The rioters and the social class to which they mainly belong thus have genuine reason to feel aggrieved, but that reason is not one that they often cite. In the name of equality and redistributionism, the state has provided them with an expensive education that is nearly useless, thanks to the implementation of pedagogical theories from whose practical effects the better-off and better-educated parents are, to some extent, able to protect their children; entrapped them in de facto prisons; and driven up the cost of their labor so far by means of welfare subsidy that it is worth no one’s while to employ it. At the same time, their minds have been filled with notions of entitlement that can only breed resentment.

The state has failed these Britons in one other respect, perhaps the most significant in helping to explain the riots: it has not repressed their propensity to crime. It has given criminally inclined Britons the (correct) impression of impunity. Consider that the British police catch the culprit of just one robbery in 12 and that just one in eight convicted robbers goes to prison in the U.K. Since the number of robberies is much greater than the number of robbers—each robber tends to commit many such crimes—failure to imprison robbers, and to do so for a long time, is in effect to grant the state’s imprimatur to robbery.

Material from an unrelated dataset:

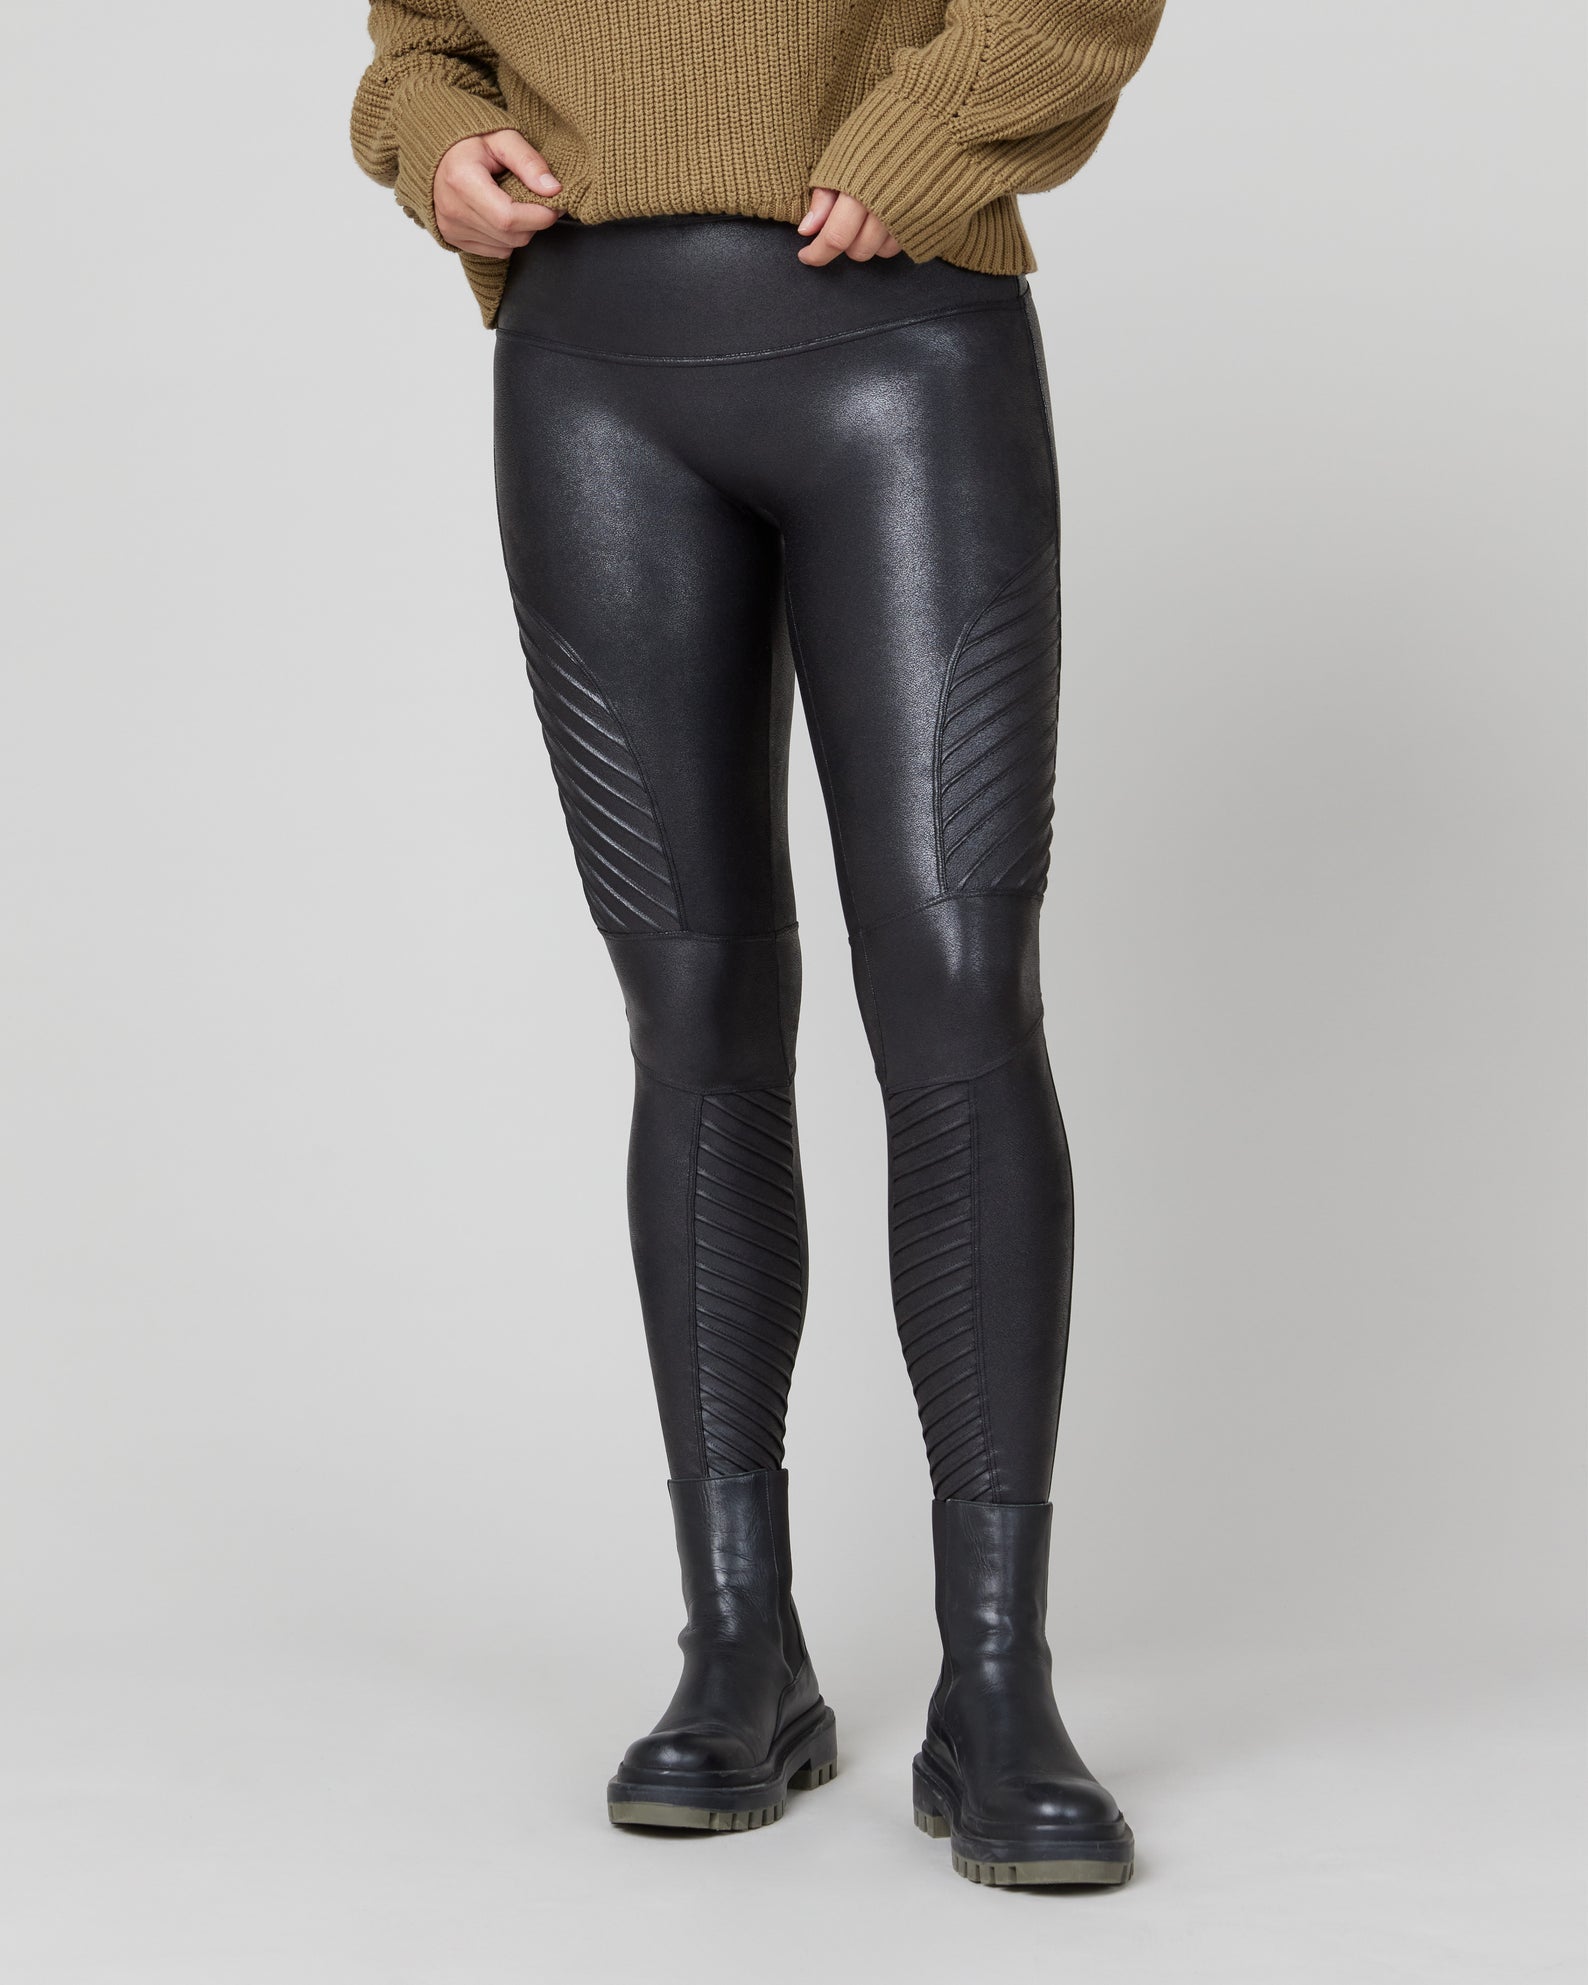 Brown Thomas - The hottest leggings in town, the SPANX Faux Leather Moto  Leggings are back!   /motorbike-leggings/30x5351x20136rveryblk.html
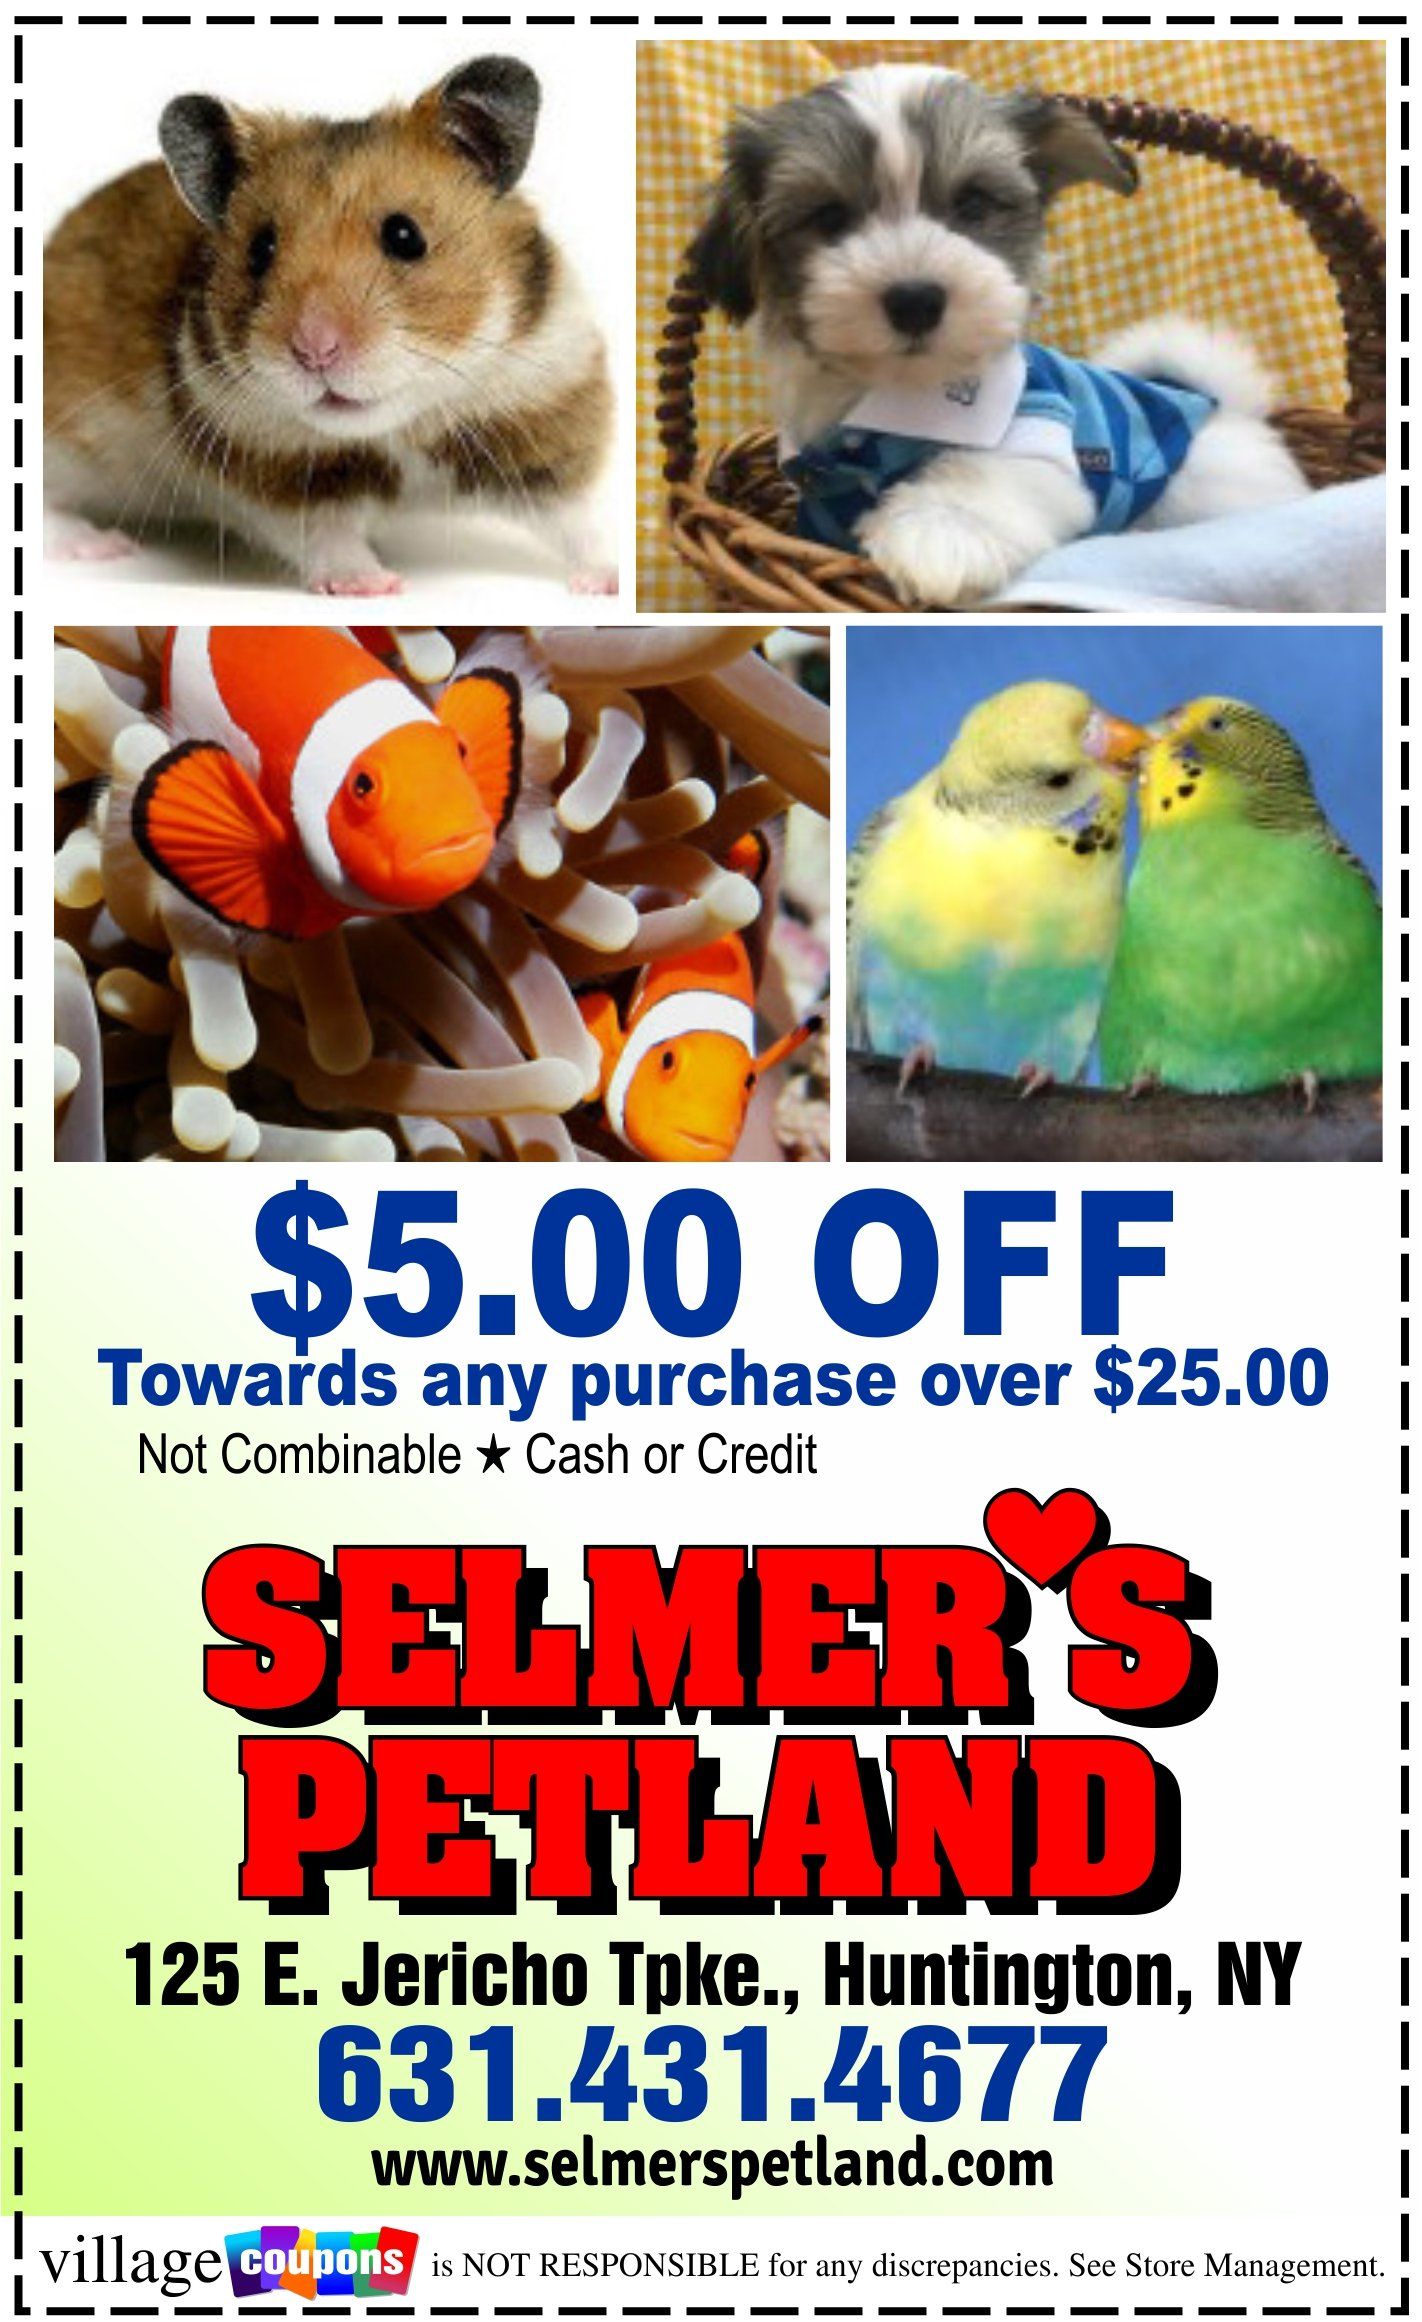 A coupon for selmer 's petland in huntington new york

When one bears in mind that leniency is shown toward criminals who have committed other serious offenses as well, it is no surprise that the young and criminally inclined should believe in their own impunity. They may not be able to do arithmetic, but they can certainly recognize long odds when they see them. They know, too, that they have respectable society on the run when successive lord chief justices have complained that too many Britons are sent to prison and that such sentences should not be administered to first-time burglars (meaning, of course, the first time that they get caught, not the first time that they burgle, a distinction that seems to have escaped their lordships). It would not be too much to say that recent lord chief justices of England are a major cause of the riots.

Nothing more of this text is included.